On September 29, 1995, about 1455 eastern daylight time, a Piper PA-28-161, N3203Q, collided with a tree during a forced landing, following the takeoff, at the Rutland Airport, Rutland, Vermont. The airplane was substantially damaged. The private pilot and two passengers were not injured. Visual meteorological conditions prevailed, and no flight plan had been filed. The local, personal flight was conducted under 14 CFR Part 91.

According to the Federal Aviation Administration (FAA) Inspector, the pilot landed at Rutland, and the airplane was refueled. The pilot then started the engine and taxied to runway 13 for departure. During the takeoff, the engine lost power, and the pilot performed a forced landing, during which the airplane impacted a tree and barn.

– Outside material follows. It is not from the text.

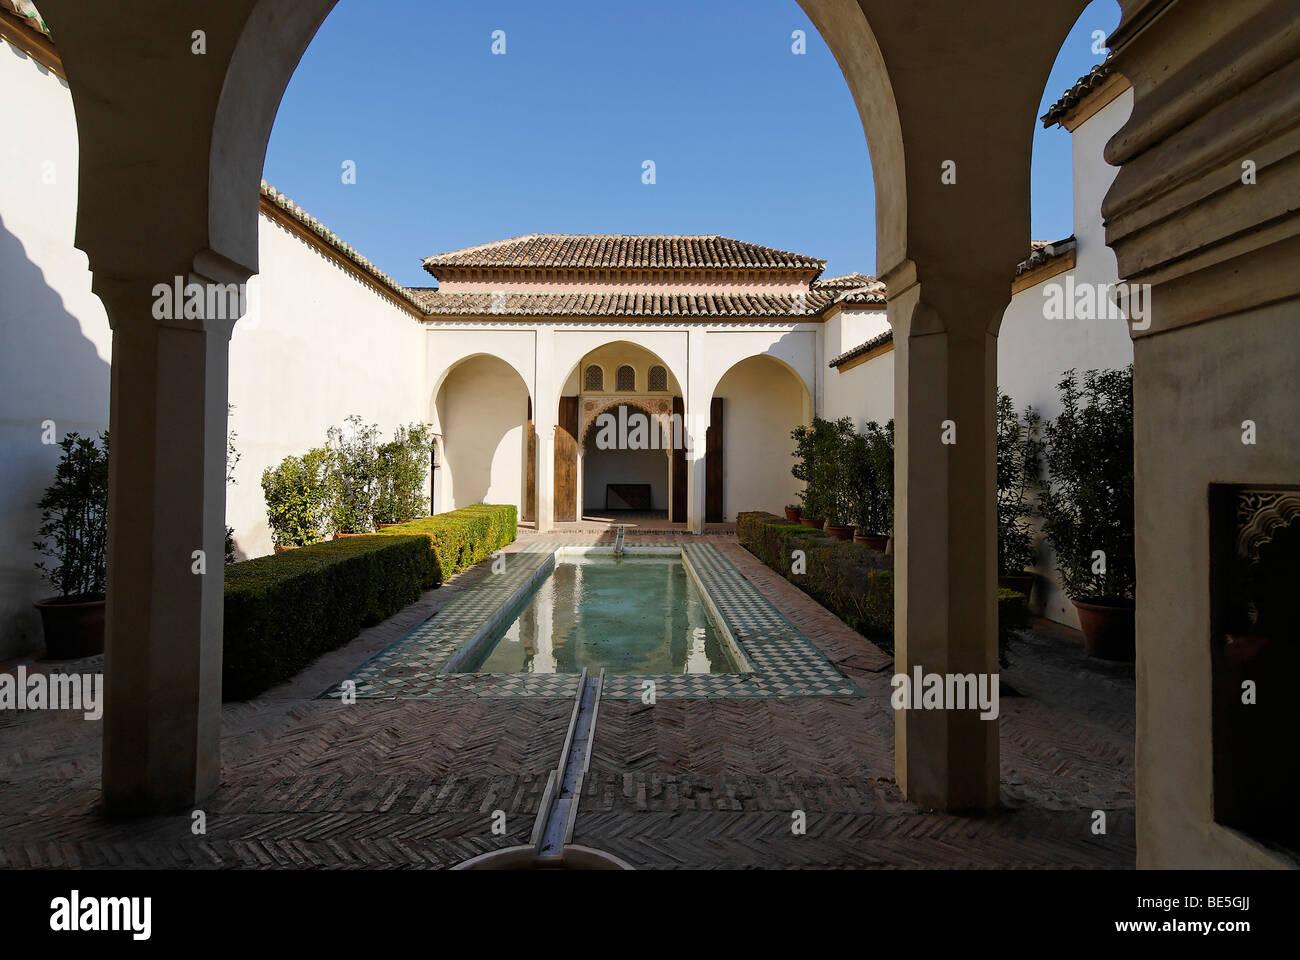 Le Patio de la Alberca, château Alcazaba, Malaga, Andalousie, Espagne, Europe Photo Stock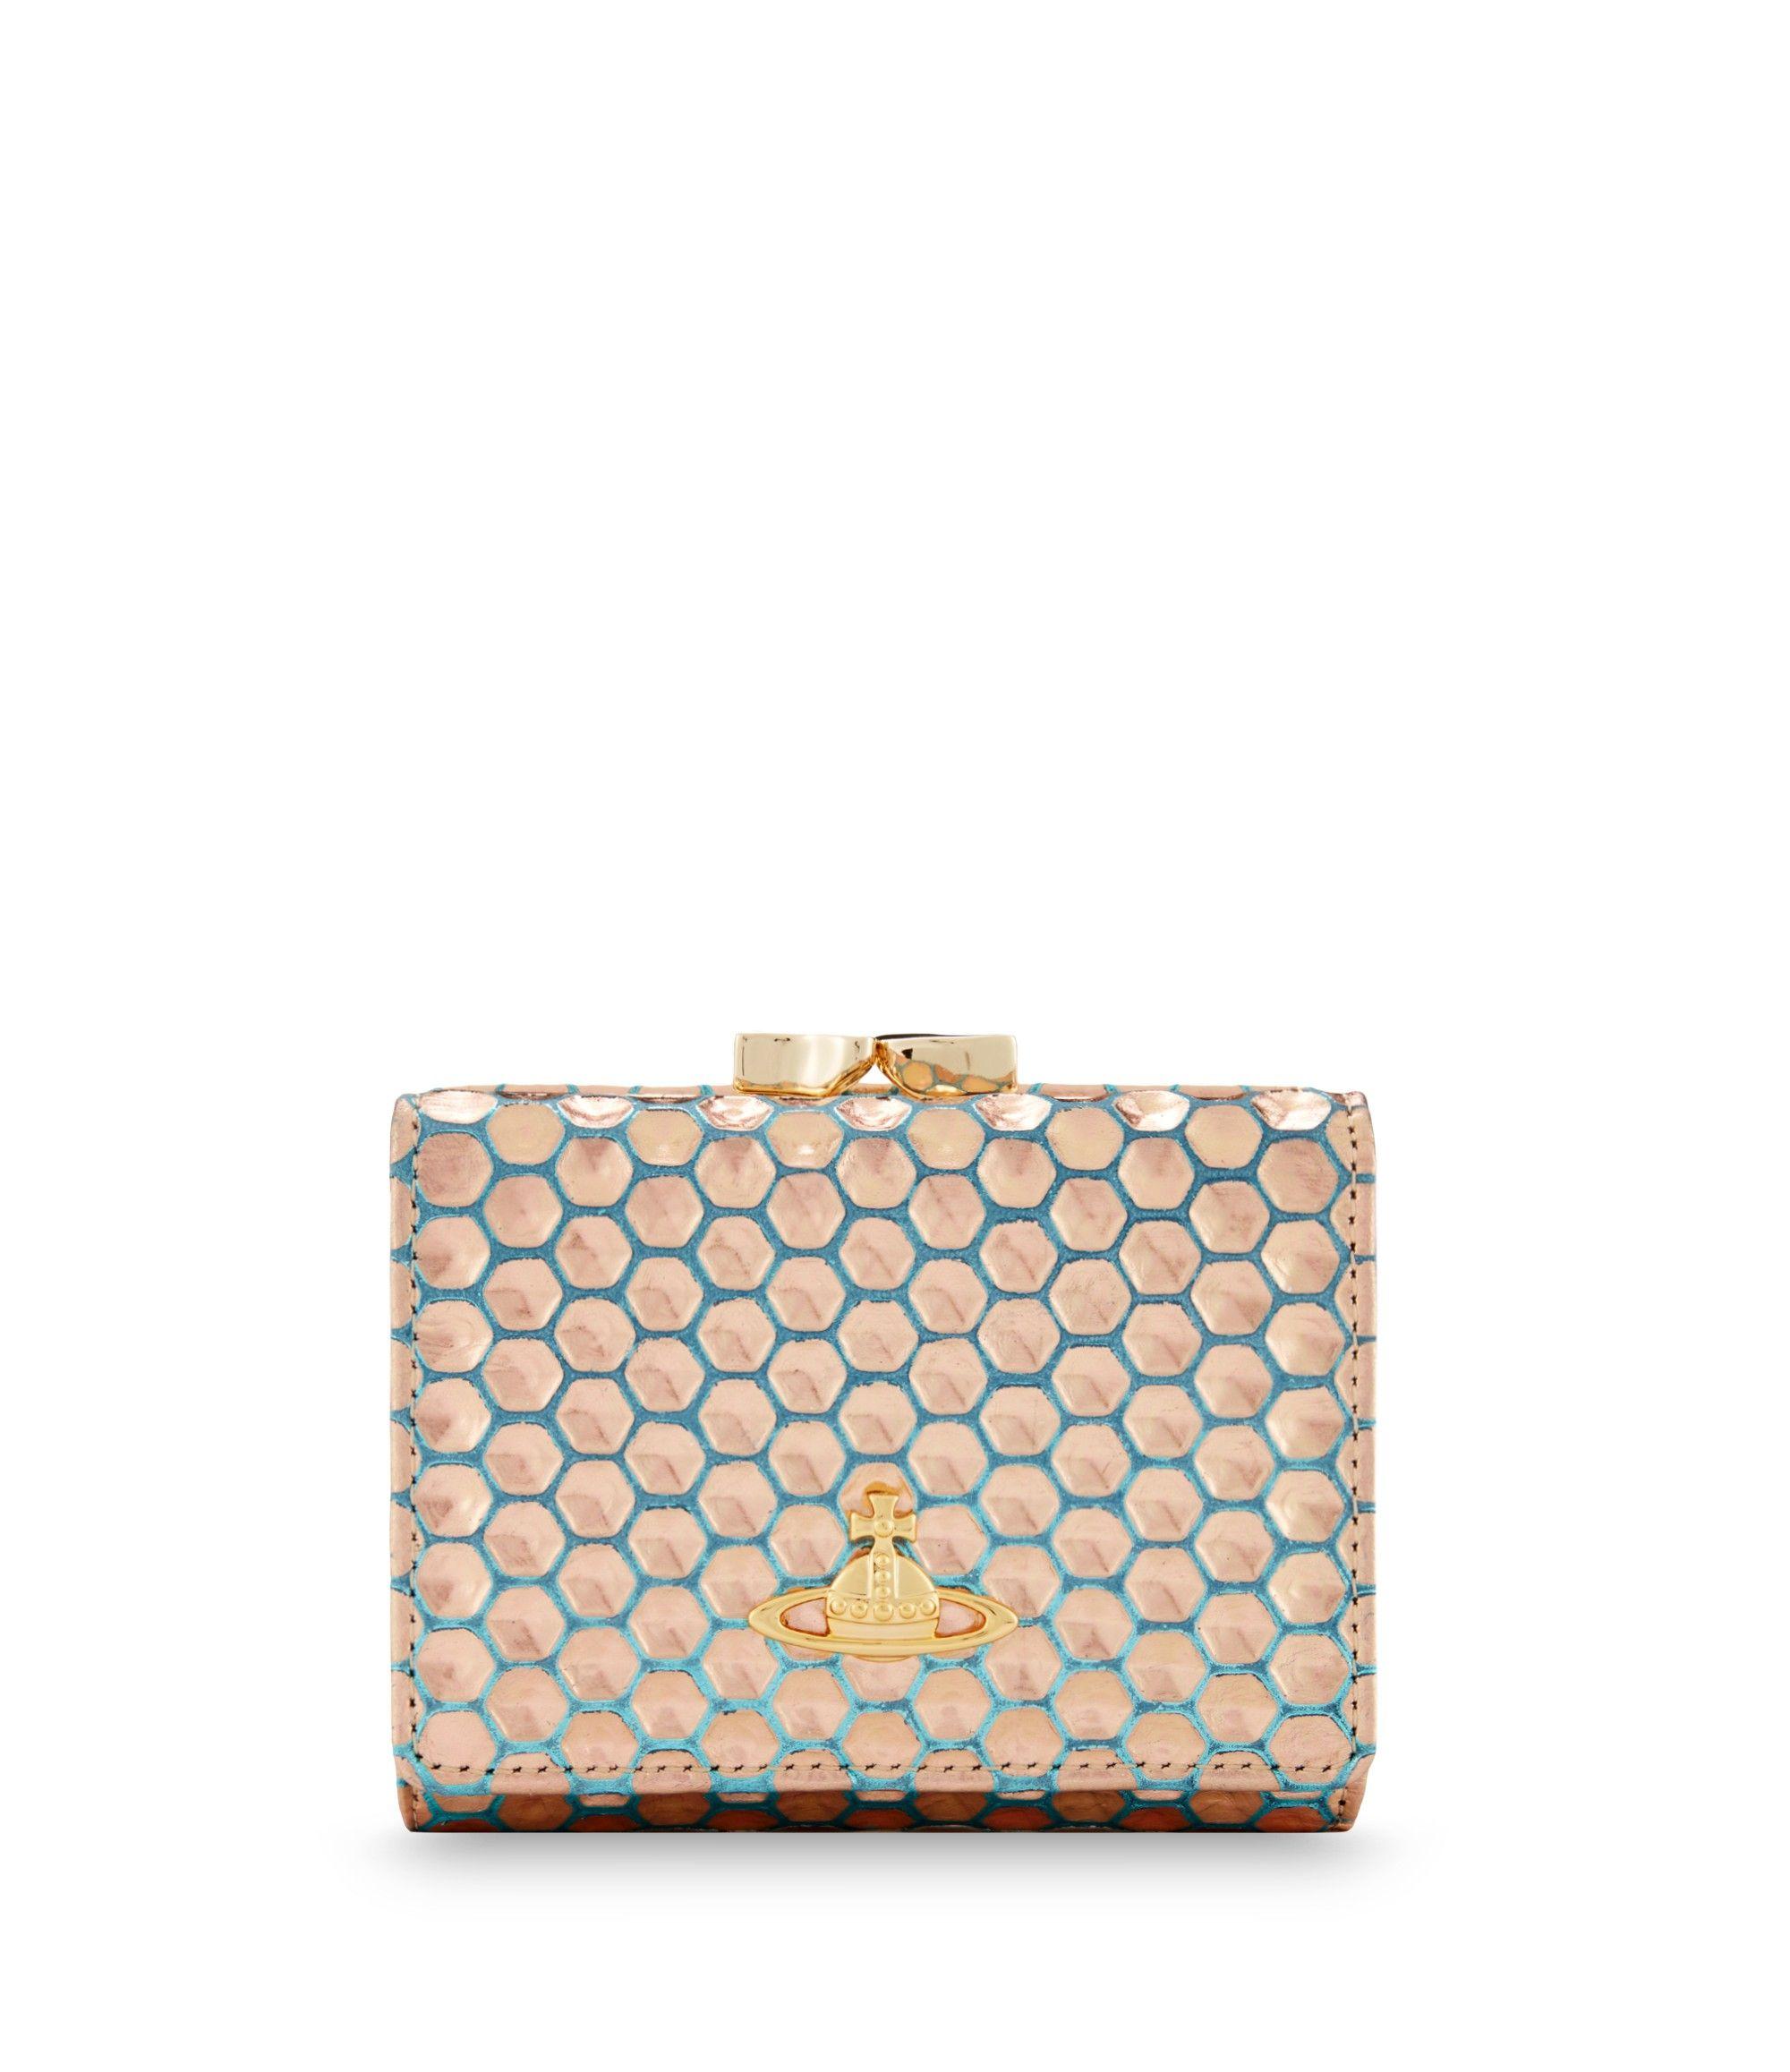 817c5fad70 Vivienne Westwood | Honey Comb Purse | unusual wallets and key ...

Additionally, witnesses reported that the engine sounded rough during the takeoff roll, and the airplane did not climb more than 10' above the ground during the initial takeoff climb. One witness stated:

...I heard what sounded like a four cylinder engine running on two or three cylinders. When the sound got closer, I saw that it was coming from an aircraft (Cherokee or similar) departing runway 13. At the departure end of the runway it was only a few feet above the ground and not climbing. It continued on runway heading for less than a mile when it went out of sight....

The FAA Inspector examined the fuel at the airport and in the airplane and found no discrepancies. Additionally, postaccident examination by the FAA Inspector revealed no evidence of preimpact mechanical malfunction of the engine.

At the time of the accident, the pilot had a total of 80 flight hours.

The pilot was requested by the FAA and the NTSB to submit the NTSB Pilot Operator Aircraft Accident Report, form 6120.1/2. To this date, no such form has been received.